:: SOURCE DATA

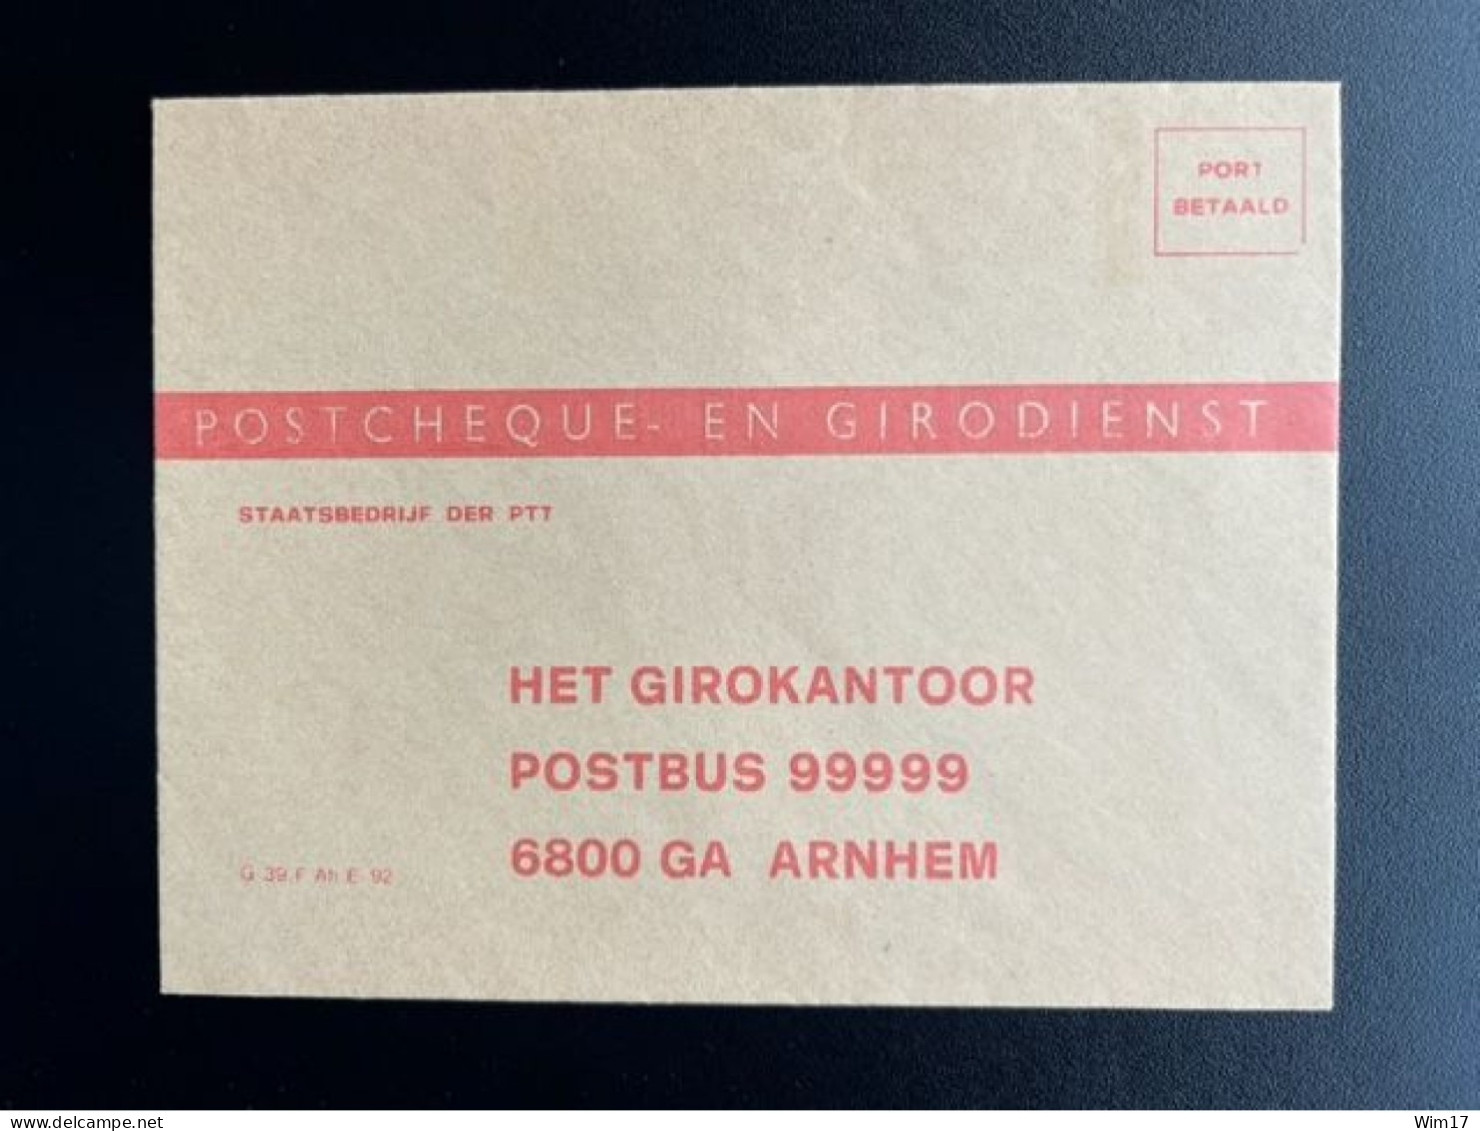 NETHERLANDS 19?? UNUSED ENVELOPE POSTCHEQUE- EN GIRODIENST NEDERLAND G 39 F AH E 92 - Storia Postale
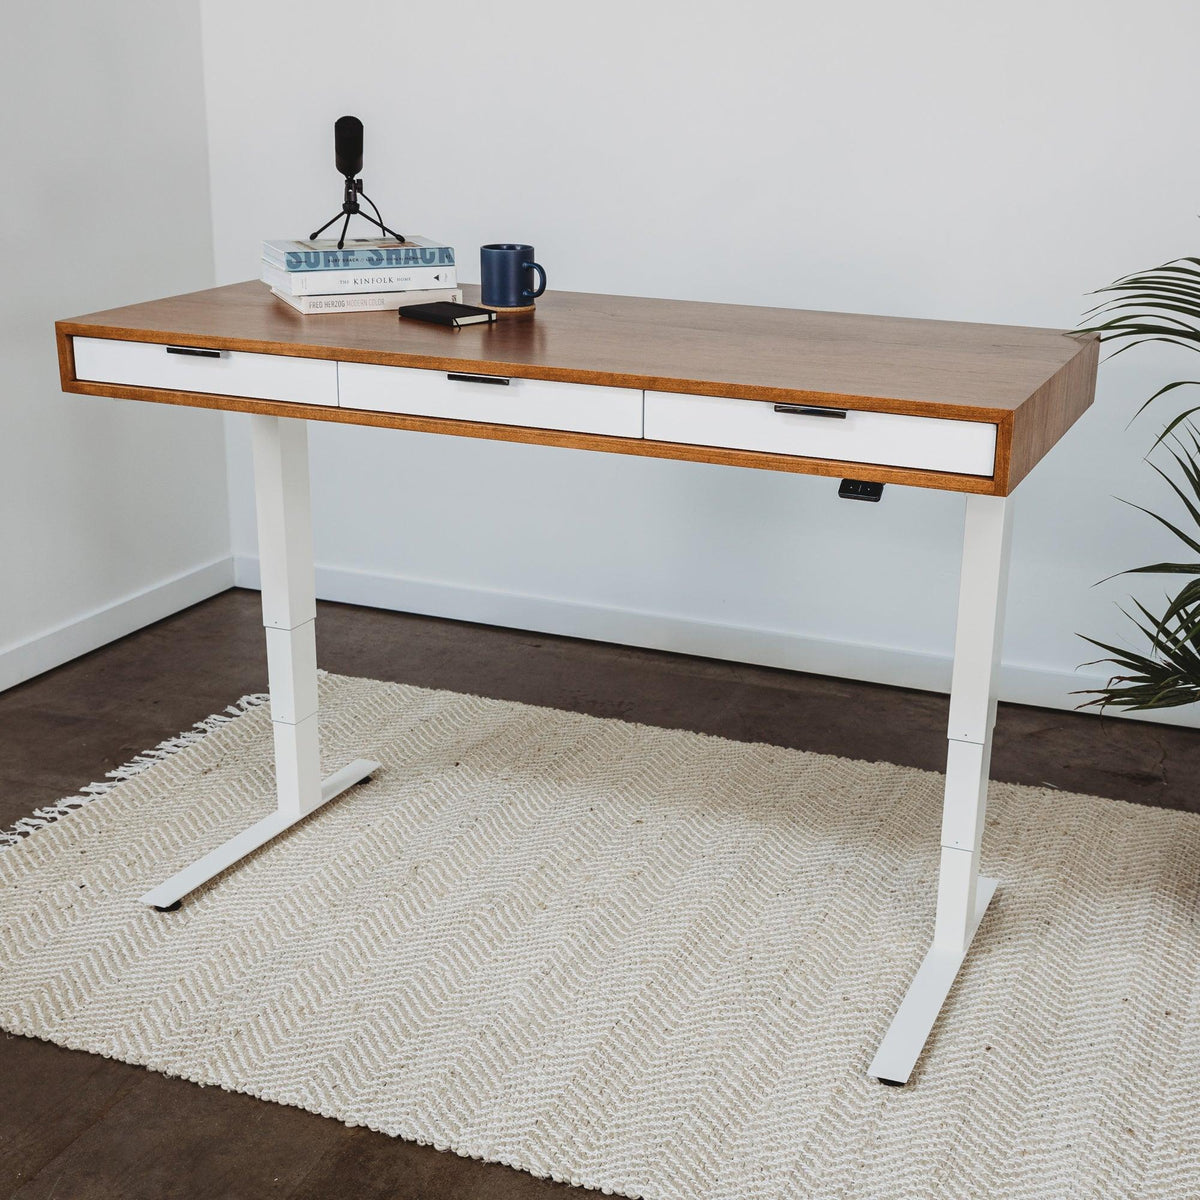 SLIM DESK // Modern Wood Desk With Drawers // Fixed or Adjustable Height  Desk
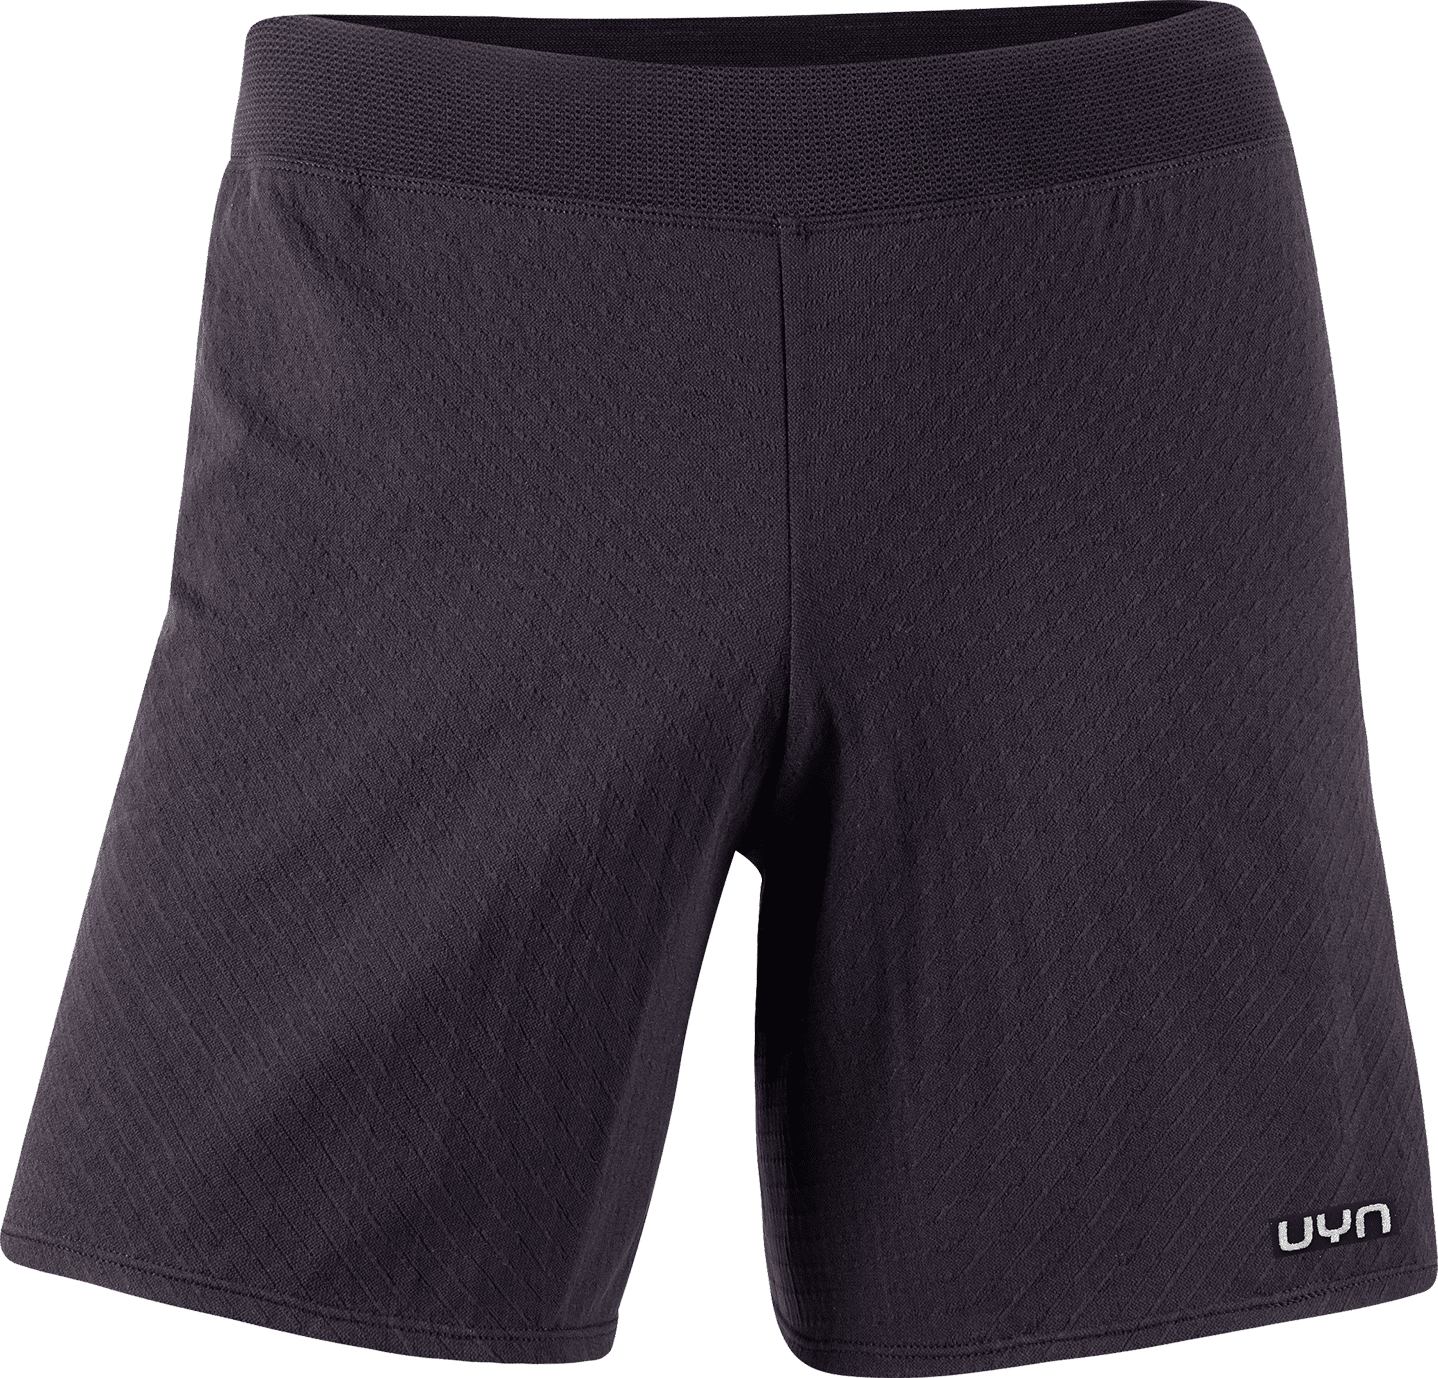 Uyn Marathon - Pantalones cortos de running - Hombre
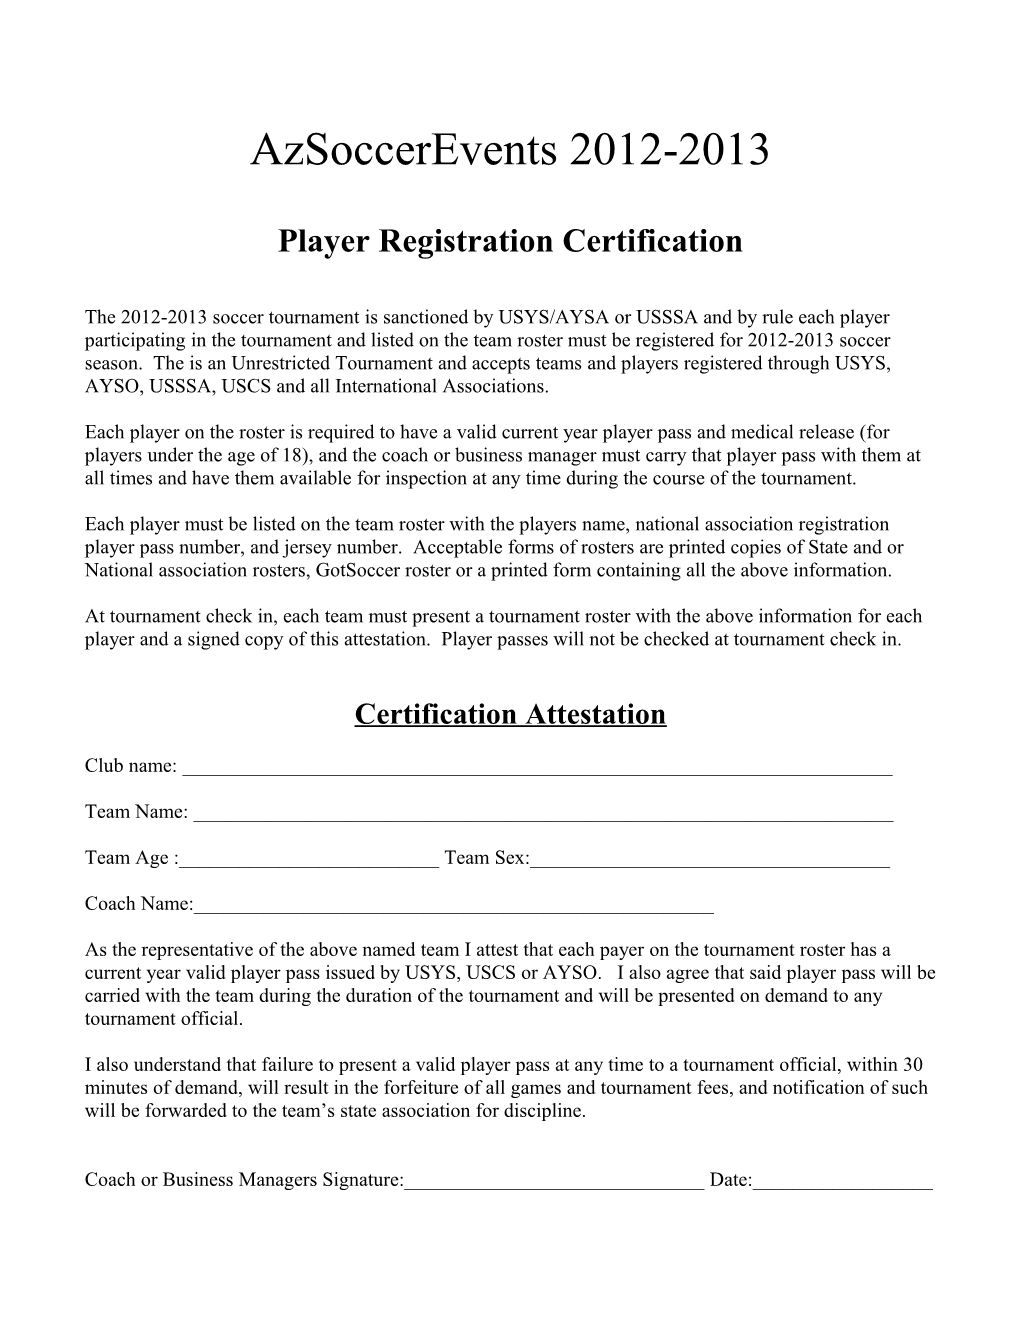 Player Registration Certification

::::

- **EXERCISE DESCRIPTION**:
Everything from the line with "SLIM DESK //" through the last line of the listing should be retyped exactly, with both end lines kept and the pictures left out.

- **RESPONSE TO THE TASK**:
 SLIM DESK // Modern Wood Desk With Drawers // Fixed or Adjustable Height  Desk
 Uyn Marathon - Pantalones cortos de running - Hombre
 Player Registration Certification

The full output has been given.